We find a similar category in fixed interest, where the religious court has the power to compel, but the person is not personally obligated (see Yoreh De'ah 161, Taz, se'if katan 3). My point is that there is a public obligation to compel the damager to pay, and the damager, as part of the public, is also obligated to act toward that end, but this is not out of a private personal obligation, rather by virtue of the public commandment.

Michi (2020-08-13)

Are you asking now or answering? That is what I wrote.
Incidentally, with interest this is compulsion regarding commandments and not legal compulsion, so it is not related to our discussion. Simply speaking, the lender also has an obligation to return it to the borrower, but the borrower has no right to receive it. I discussed this at length in my article on Choshen Mishpat.

Yodei (2024-11-08)

Maimonides counts:

In commandment 177—
— that He warned us against eating creeping things generated from decay, even though they are not a known species and are not generated from male and female… this is the creeping thing generated from decay that does not produce one similar to itself.

And in commandment 178—
— that He warned us against eating worms generated in fruits and seeds.

And in commandment 179—he goes even further and says—
And do not find it far-fetched that a bird should be generated from the decay of fruits, for we always see birds generated from decay, and they are larger than a small nut… And this ant mentioned here is the flying ant generated from the decay of fruits, which does not reproduce… and the wasp generated from decay… And it is not impossible for a wasp or an ant or other species of birds and creeping things to be generated from decay and within foods, except in the eyes of fools who have no knowledge of natural science, and who think that no species can come into being one from another except from male and female, because they see this to be the case for the most part. So preserve these principles and understand this matter, for it is a statement spoken aptly.

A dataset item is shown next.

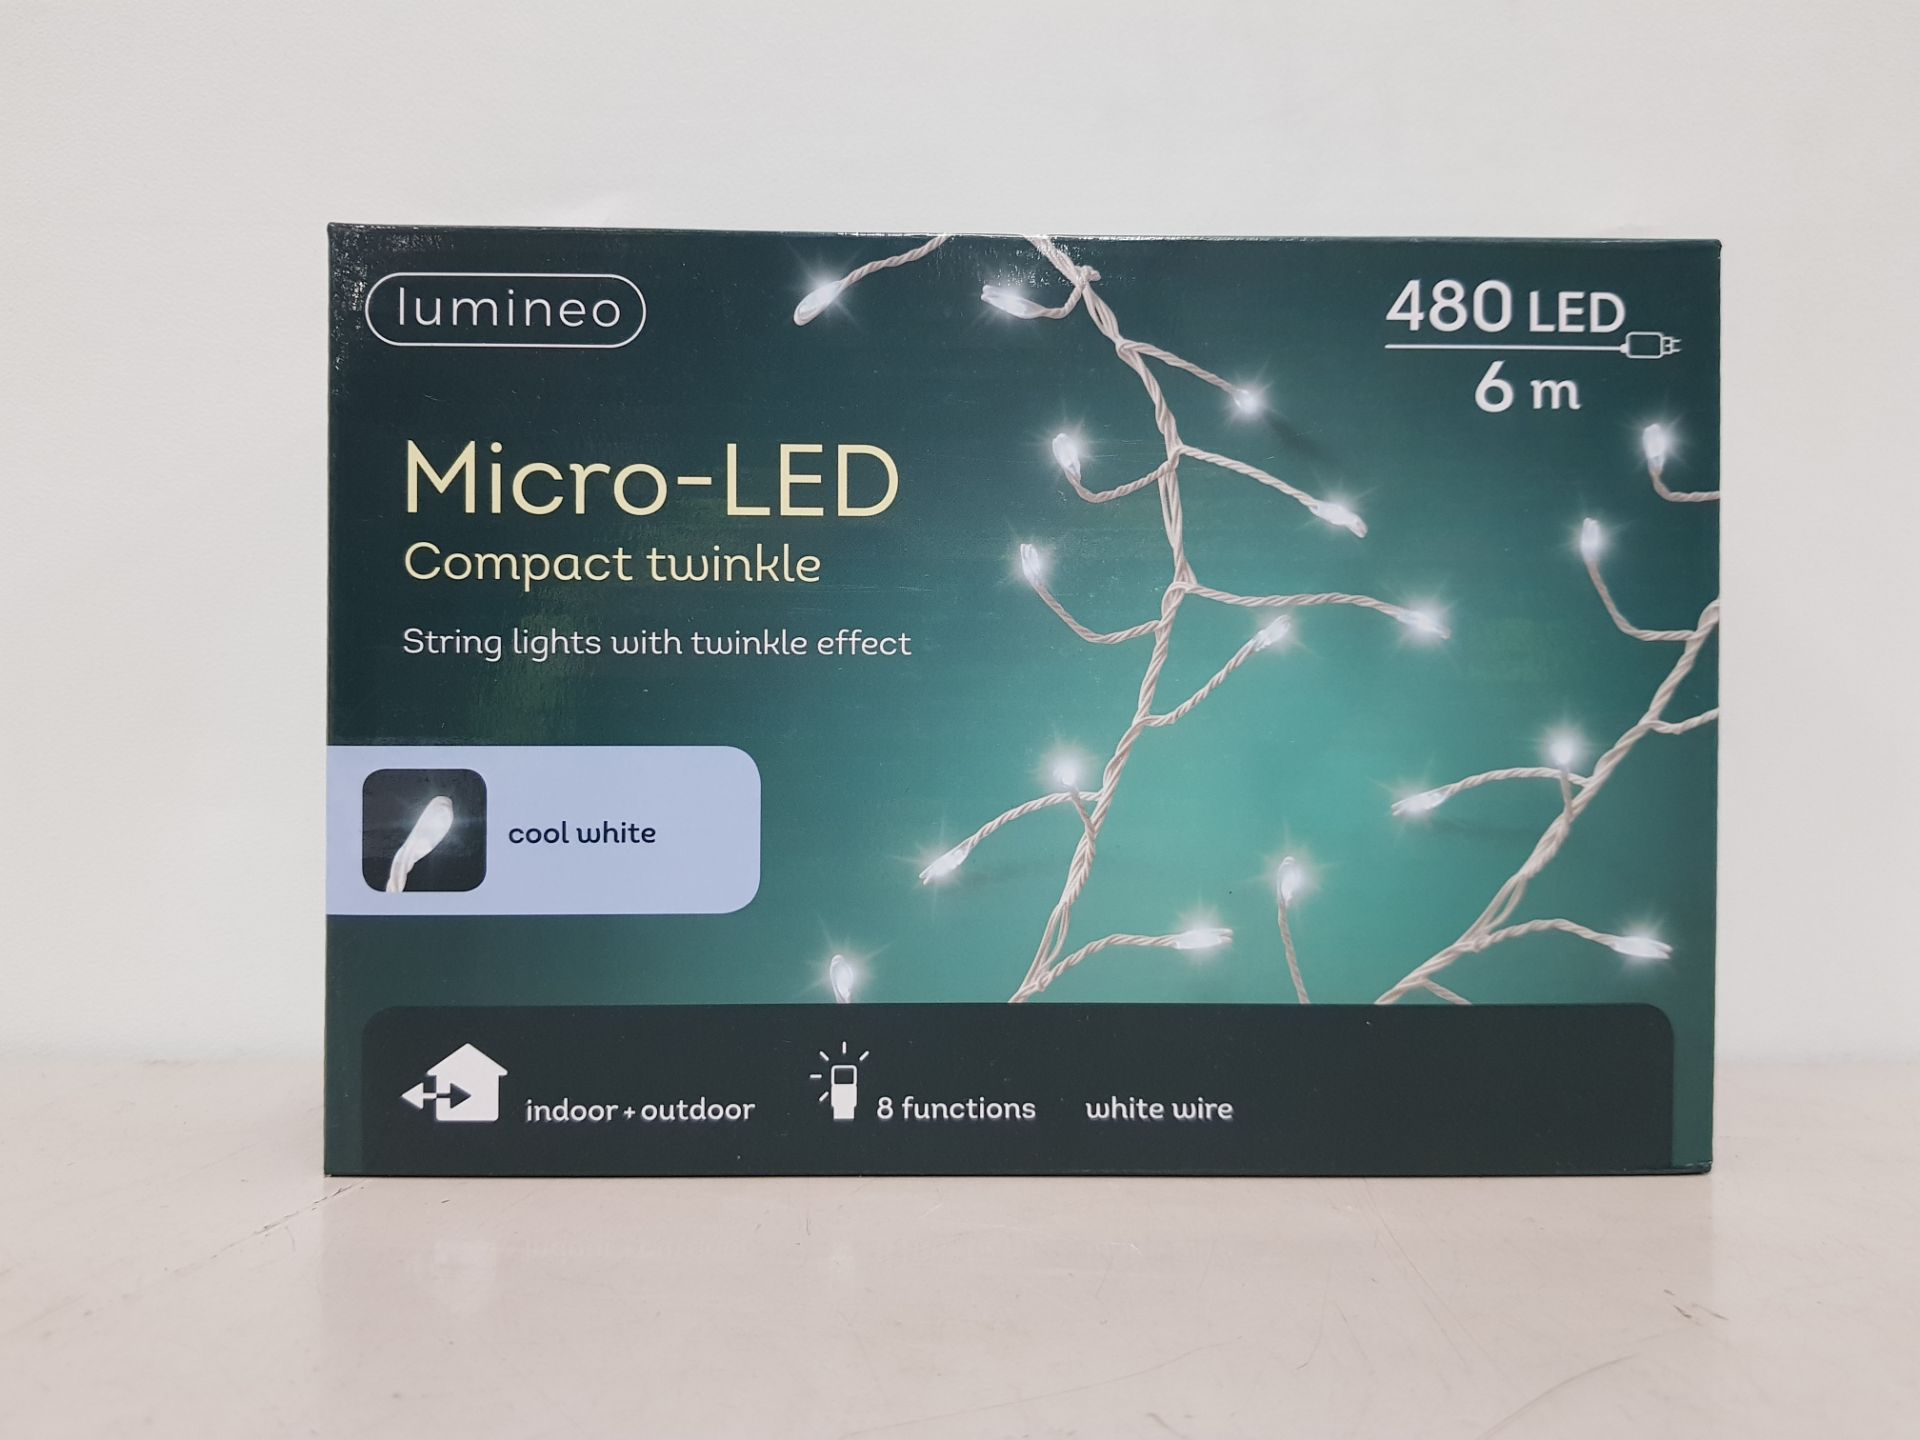 10 X BRAND NEW LUMINEO MICRO-LED 480 LED COMPACT TWINKLE LIGHTS IN COOL WHITE - 6M LENGTH

So what happens with the enumeration of the commandments in light of updated science since Louis Pasteur?
Of course Maimonides is not to blame; this is explicit in the Sages. And although he did not follow the Sages against science, here Aristotle and the science of the time thought this too. In any case, what happens with the enumeration of the commandments?

mikyab123 (2024-11-08)

Nothing will happen. Nowhere do we find in the Sages that when they disagreed about a certain commandment, they clarified what would enter in its place to complete the count of 613. These commandments drop out, and that’s it.

Yodei (2024-11-09)

So there will not be a count of 613, granted. So maybe your intent is this point (which has already been said before): that the whole matter of the 613 commandments is ultimately just Rabbi Simlai’s exposition, and not everyone holds that way. By the way, also what is said about it corresponding to the number of limbs in the human body—it is known that this is not so. And in any case, according to everyone there are additional commandments beyond the 613, such as the commandment to remember the Exodus from Egypt every day, which Maimonides rules as binding and nevertheless did not include among the 613; and similarly other commandments which, according to some medieval authorities, are included, and according to others are not included, even though they agree that they are commandments, just not ones that entered the framework of the 613.

Yodei (2024-11-10)

I’d just be happy to know whether that was your intention, and if not, then what you did mean.

Michi (2024-11-10)

Even if one does agree that this is the count, still nobody makes calculations like that. Apparently because things can always be adjusted after the fact.

Yodei (2024-11-25)

By the way, can the Talmud regarding lice—that they do not reproduce—be explained to mean that they do not reproduce through a male, and the intent would be to parthenogenesis, which is known today, and they were speaking about a species for which that was apparently the case?

Michi (2024-11-25)

Anything can be explained, but why is there a need to explain it away? The Sages did not know beyond what was known in their time.